Comme vous le savez, au sein du journal Le Sentier, j’aide à organiser le Rendez-vous des commerçants qui a lieu début octobre. Il y a une centaine d’entreprises à Saint-Hippolyte, cachées derrière les forêts, dissimulées au tournant des lacs, tapies dans les quartiers résidentiels, essaimées le long des chemins sinueux.

 

Le Rendez-vous des commerçants est un événement qui cherche à stimuler l’économie locale et aider ces entreprises à faire des affaires. Paradoxalement, la grande majorité des entreprises hyppolitoises ne participent pas à notre Rendez-vous, car elles n’ont pas besoin de nouveaux clients. Les affaires sont déjà bonnes pour elles. On parle autant de commerces qui ont pignon sur rue que de professionnels et d’entreprises de services.

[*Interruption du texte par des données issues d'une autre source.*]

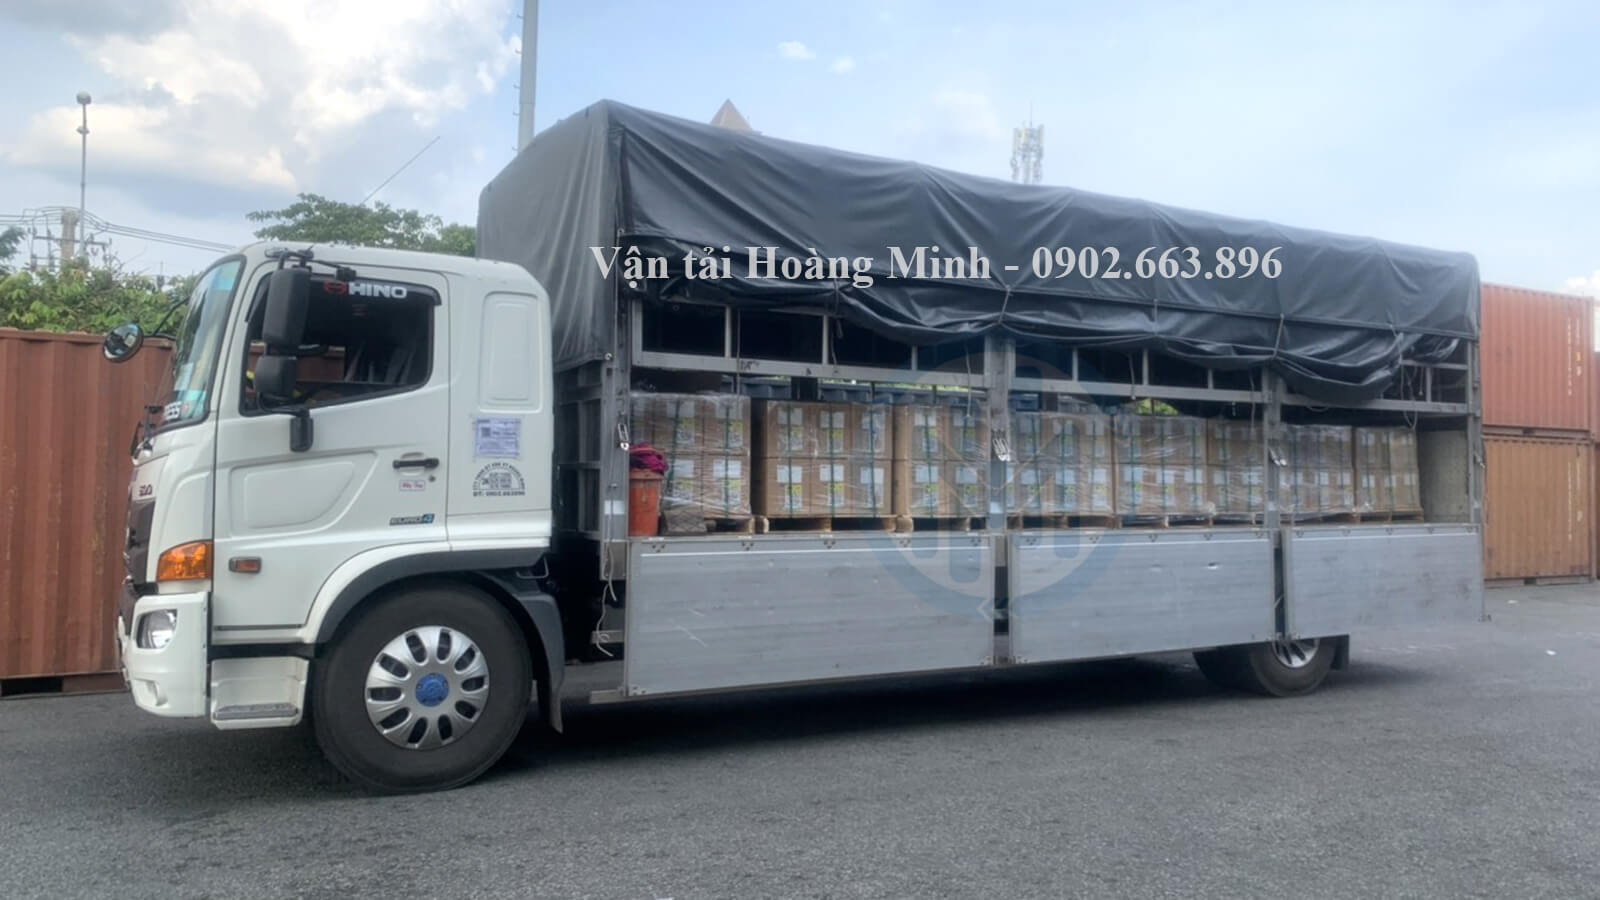 Cho thuê xe tải Thuận An uy tín số 1 thị trường vận tải.jpg
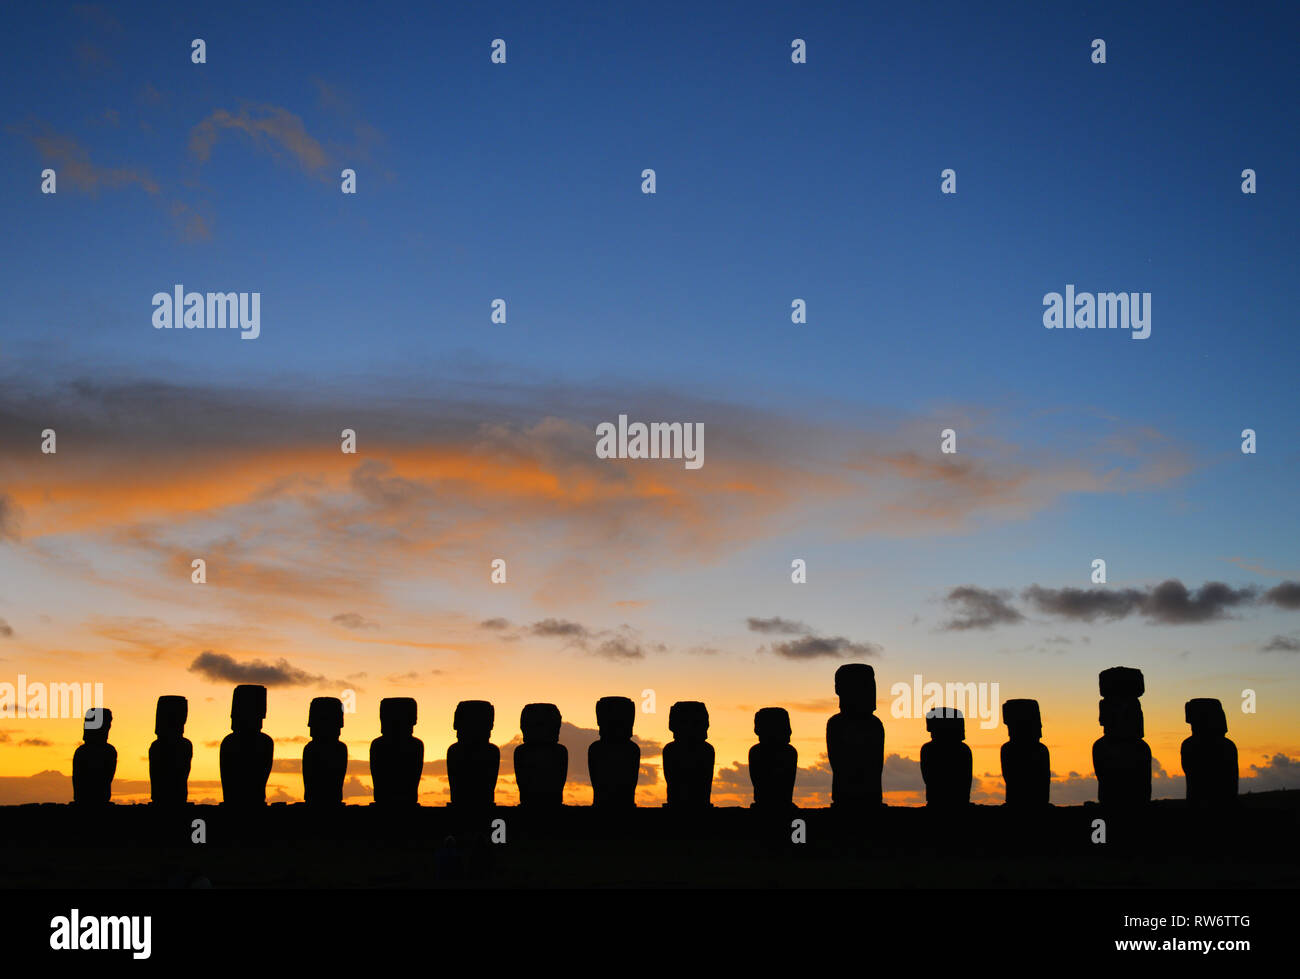 La silhouette di quindici statue Moai di Ahu Tongariki all alba di Rapa Nui Island (l'Isola di Pasqua) nel mezzo dell'Oceano Pacifico, Cile. Foto Stock

On parle d’une économie satisfaisante et roulant déjà à plein rendement. C’est, à mon avis, extraordinaire!

 

La spécificité de « l’achat local »

Dans mon domaine qu’est l’alimentation/restauration, le paradoxe est autre. Moi, j’ai besoin de clients, je ne suis pas rendue au point d’en refuser à la porte. Mais j’ai aussi besoin d’artisans dans les métiers de bouche. Des charcutiers, fromagers, pâtissiers, boulangers, confituriers, confiseurs, chocolatiers… Nous avons l’impression que les slogans « d’achat local » qui ont la cote depuis quelques années nous saturent de produits artisanaux plus savoureux les uns que les autres. Il n’y a qu’à faire le tour des marchés extérieurs et des foires pour découvrir l’ampleur de notre gastronomie artisanale.

 

La réalité financière

Mais pour un commerce tel que le mien, trouver des fournisseurs n’est pas simple. Il faut trouver un artisan qui fait de bonnes choses, tant en goût qu’en qualité, à un prix intéressant pour moi comme pour mes clients, qui peut fournir en quantité et qui a les permis pour faire de la revente. Car derrière un pot de miel, il y a la production, la mise en pot, l’étiquette, les permis, les frais de transport, en plus de tous les frais fixes inhérents à la gestion d’une entreprise. En fin de compte, la marge bénéficiaire pour lui comme pour moi reste mince. Donc, il est souvent plus avantageux pour eux de vendre directement au marché ou en ligne plutôt qu’à moi. Pour les pâtissiers-boulangers-chocolatiers, la plupart ont déjà peine à fournir leur propre commerce par manque de main-d’œuvre qualifiée. Donc pas question pour eux de me fournir.

 

Je pensais que ça se ferait tout seul

Lorsque j’ai ouvert mon café-boutique, je voulais un endroit où l’on retrouve le savoir-faire des artisans québécois. Je n’ai pas les connaissances pour fabriquer moi-même la majorité des gourmandises que je vends; être chocolatier ou pâtissier, c’est un métier. Mon métier à moi, c’est de vous les faire connaître, c’est la vente et la promotion. Je pensais donc, en rédigeant mon plan d’affaires, que ça se ferait tout seul et que les artisans m’attendaient les bras ouverts. La réalité est toute autre. Le temps, les employés et la logistique leur manquent.

 

Le paradoxe

Le paradoxe, ici, est que les campagnes publicitaires nous encouragent à acheter local, que des points de vente comme le mien sont prêts à faire des affaires d’or, mais qu’entre les deux, le produit reste difficile à obtenir.

 

Je l’aurai maintes fois dit à mes trois enfants, avec une pointe d’humour : si vous choisissez plus tard un métier de bouche, vous ne serez jamais au chômage. L’Humanité aura toujours faim. Boucher, boulanger, charcutier, fromager, épicier… Bon. D’accord. Peut-être que l’un des trois pourrait être médecin, dentiste ou plombier parce que, franchement, ça aussi on en a besoin.